С севера в нашу сторону шла еще одна группа лыжников в маскхалатах. Это был второй взвод — тут сомневаться не приходилось, но почему они так поспешно идут на сближение с нами, будто торопятся опередить Николаева, если с запада действительно подходит он, а не финны.

— Кочерыгин, отставить! Будем ждать!

Кушманов, как видно, не знал, что и делать.

Не хватало еще ввязаться в бой на открытом озере, а потом финны вызовут по рации самолеты — у них в каждом егерском взводе есть рация, погода для авиации как на заказ… Можно бы запросить опознание при помощи ракетных сигналов, установленных для ночного времени, но устраивать днем фейерверк тоже было небезопасно. Финны сразу же заинтересуются, кто и зачем сигналит посреди озера, вышлют самолет, потом бегай по льду, ищи укрытия.

Я лежал неподалеку и хорошо видел, как нелегко приходилось в эти минуты нашему величавому и неприступному командиру: он принял решение, но сам не был убежден в его правильности, озирался по сторонам и, наверное, по привычке ждал, когда же расторопный помощник предложит что-то, с чем можно будет согласиться. Тревога так овладела Кушмановым и так не шла к его крупному, всегда непроницаемому лицу, что сомнение начало охватывать и меня, мне уже стало казаться — а вдруг действительно на нас двигаются не свои, а вражеские группы, высланные на преследование и перехват наших разведчиков?

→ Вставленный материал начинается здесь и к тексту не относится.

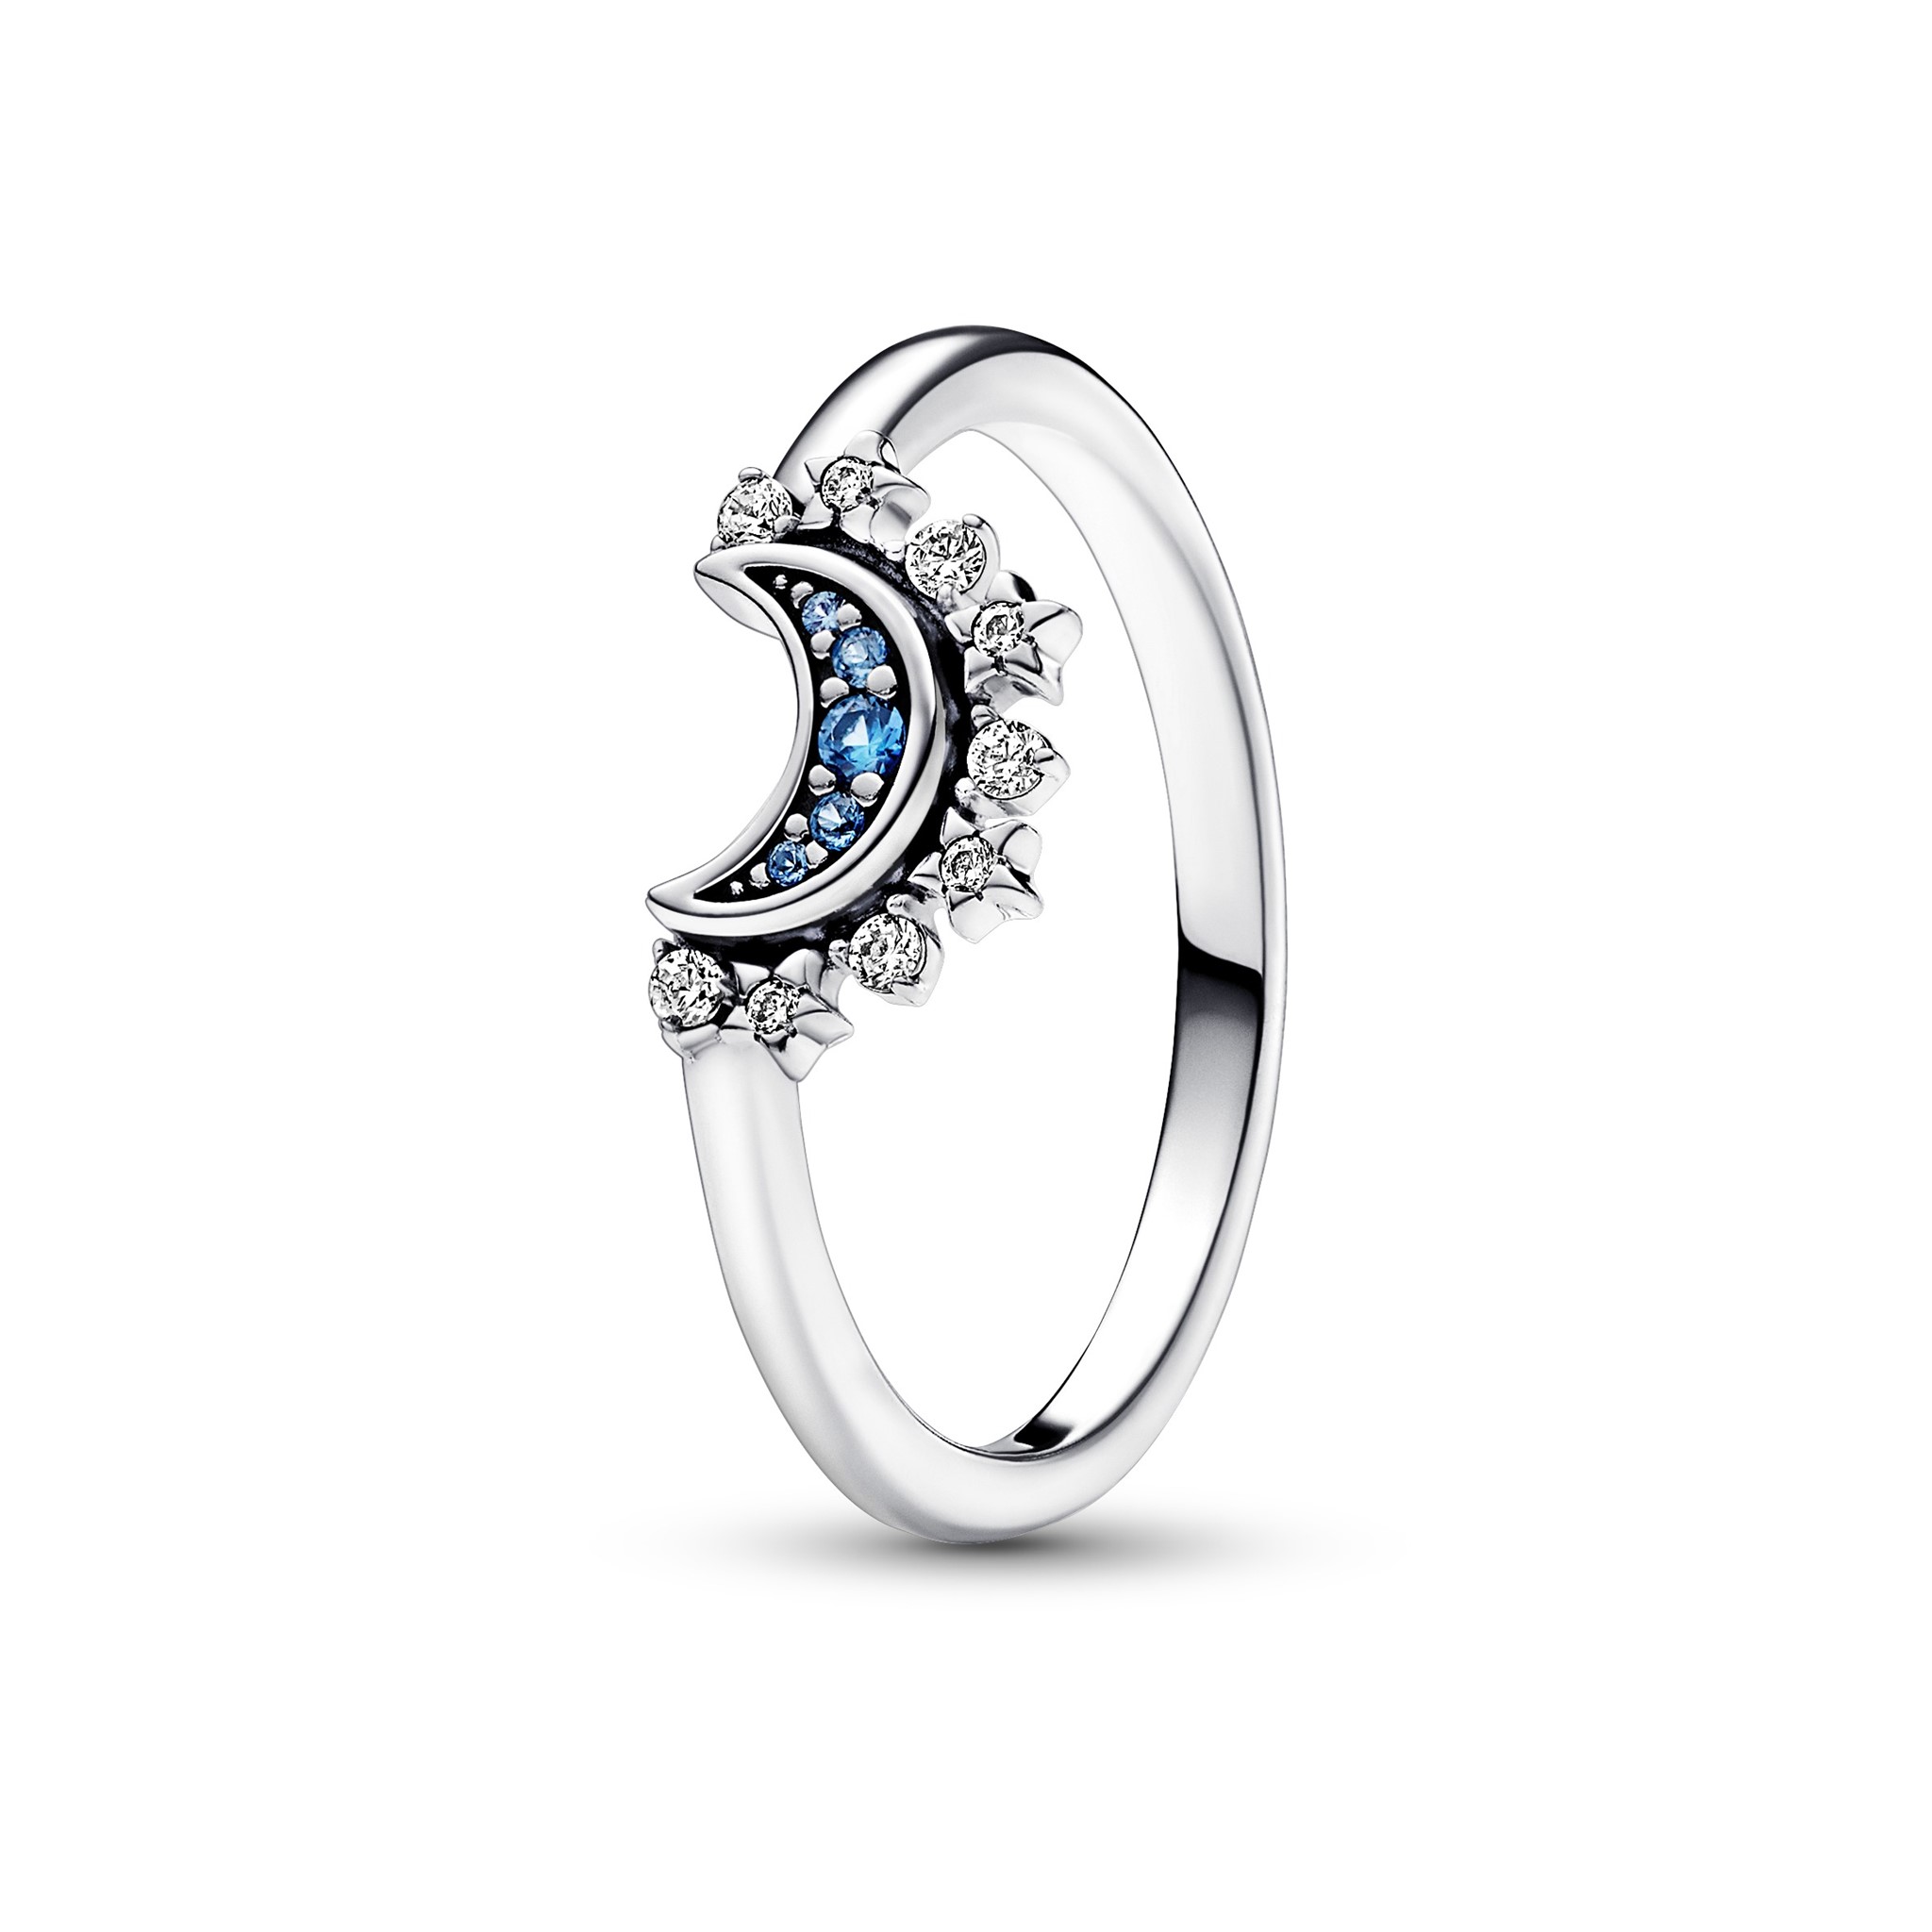 Celestial moon sterling silver ring with night blue crystal

Оставалось не меньше двух километров, когда взвод Николаева вдруг пропал из вида, исчез, словно растворился. И произошло это так неожиданно, и продолжалось так долго, что я успел свыкнуться с мыслью — ну, конечно же, это финны, и они заметили нас, рассредоточились и залегли в торосах. А северная группа будет стараться отсечь нас от острова…

И в то же время я понимал, что все это не так, что взвод Николаева просто остановился на отдых, что взвод Григорьева раньше нас заметил разведчиков и торопится им на помощь, но мне так хотелось, чтоб хоть сегодняшний наш выход не оказался напрасным… Сколько ходим, а пока ни одного боевого выстрела!

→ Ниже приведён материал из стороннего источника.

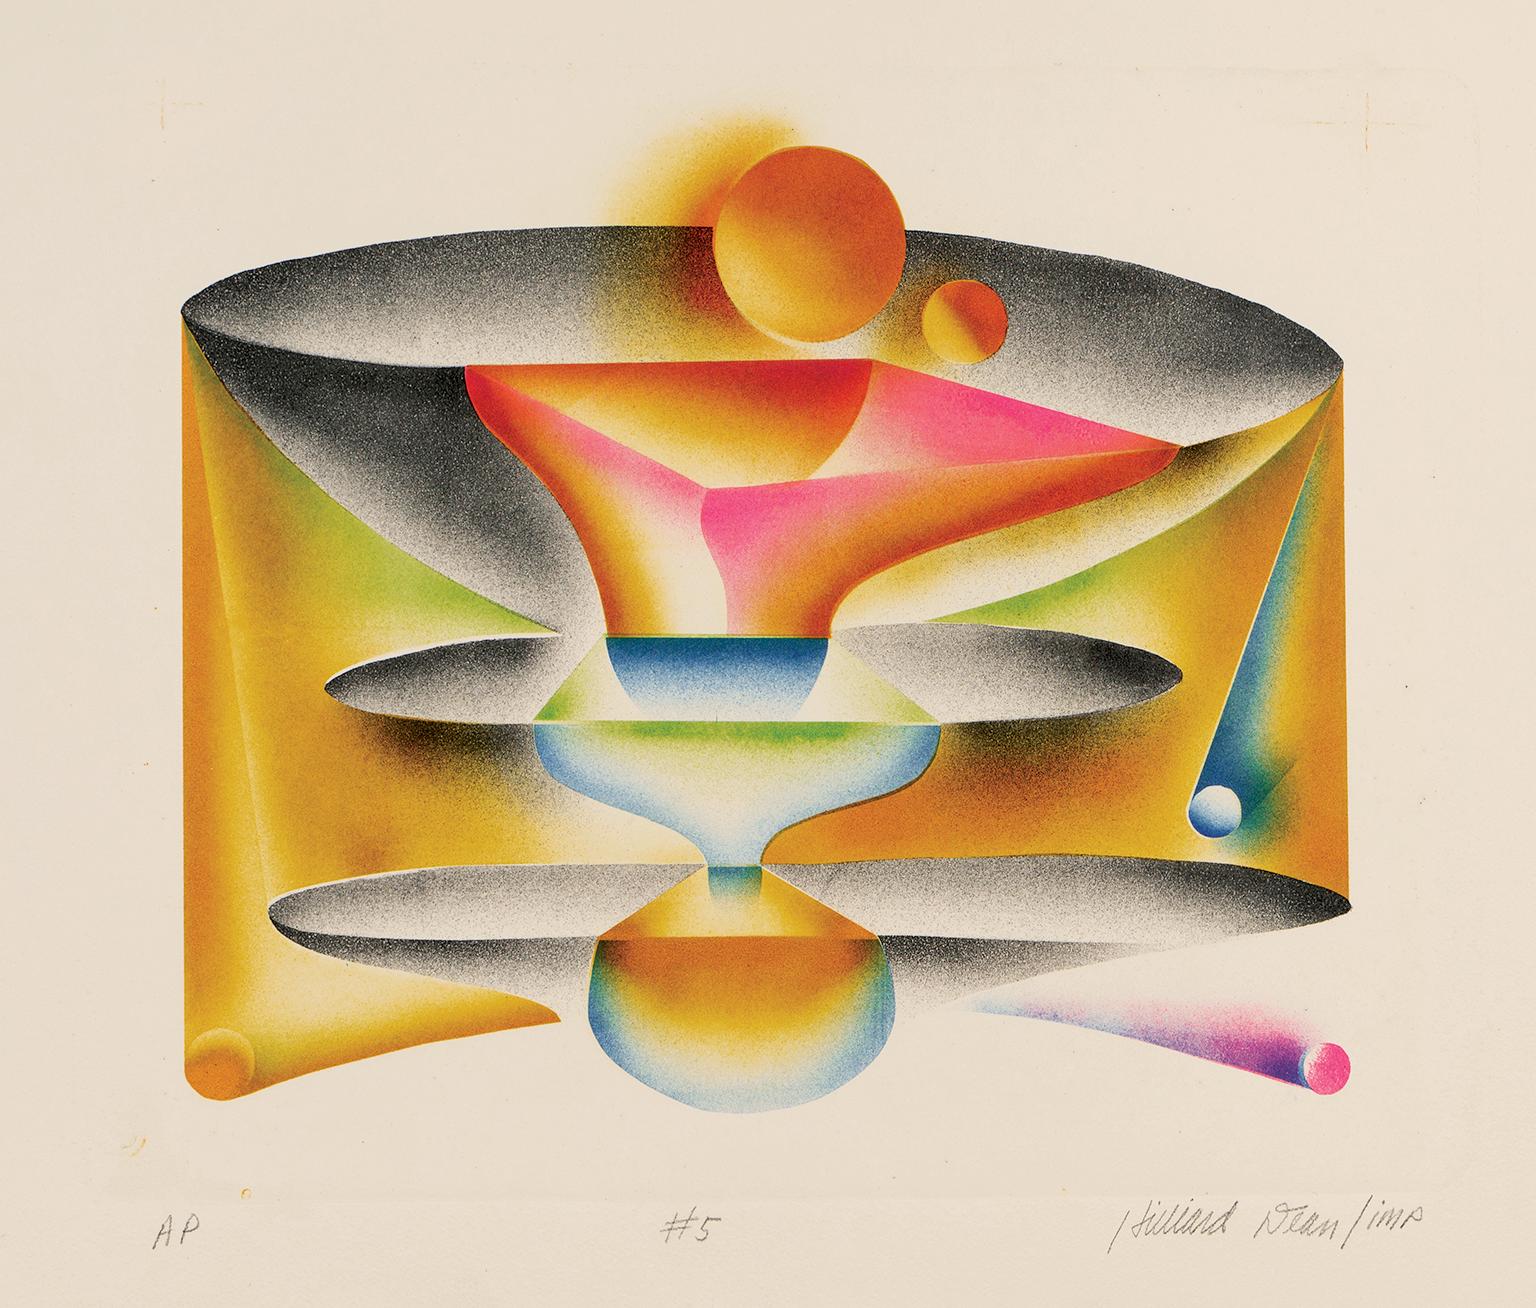 Hilliard Dean Abstract Print - #5 — Modernist Abstraction — African American Artist

Во всяком случае, мы не должны бессмысленно ждать, надо что-то делать — или выходить навстречу, если это наши разведчики, или прикрываться с правого фланга…

— Командир, это Николаев! Я различаю его по походке! — крикнул Кочерыгин, когда встречная группа поднялась и двинулась в нашу сторону.

Едва ли на таком расстоянии можно было узнать человека по походке, хотя Николаев ходил на лыжах действительно по-своему — чуть склонившись влево и редко опираясь на палки, они волочились за ним, оставляя на снегу неглубокие бороздки, — но теперь уж никто не сомневался, что к нам приближаются разведчики.

Кушманов еще раз оглянулся и хриплым голосом скомандовал:

— Кочерыгин, выходим навстречу!

Через десять минут все три взвода сошлись в одном месте, но радости при встрече не было. Мрачный и раздраженный Николаев, поджидая приближающегося со вторым взводом комиссара Малюка, оглядывал нас и насмешливо повторял:

— Оркестра только и не хватает! Почетный караул на месте…

Причина раздражения была понятна: разведчики вернулись без «языка», им даже не удалось выйти на берег, задание не выполнено, а два человека получили ранения.

Малюк быстро разобрался в ситуации и успокоил его:

— Не переживай! Мы, честно говоря, худшего ждали.

Отрядный фельдшер Гриша Астахов — обмерзший, весь в сосульках, но деловитый и гордый — отобрал у сандружинниц две фляги со спиртом, поднес по колпачку каждому из разведчиков, наскоро растер лицо и руки раненым, и мы двинулись к берегу.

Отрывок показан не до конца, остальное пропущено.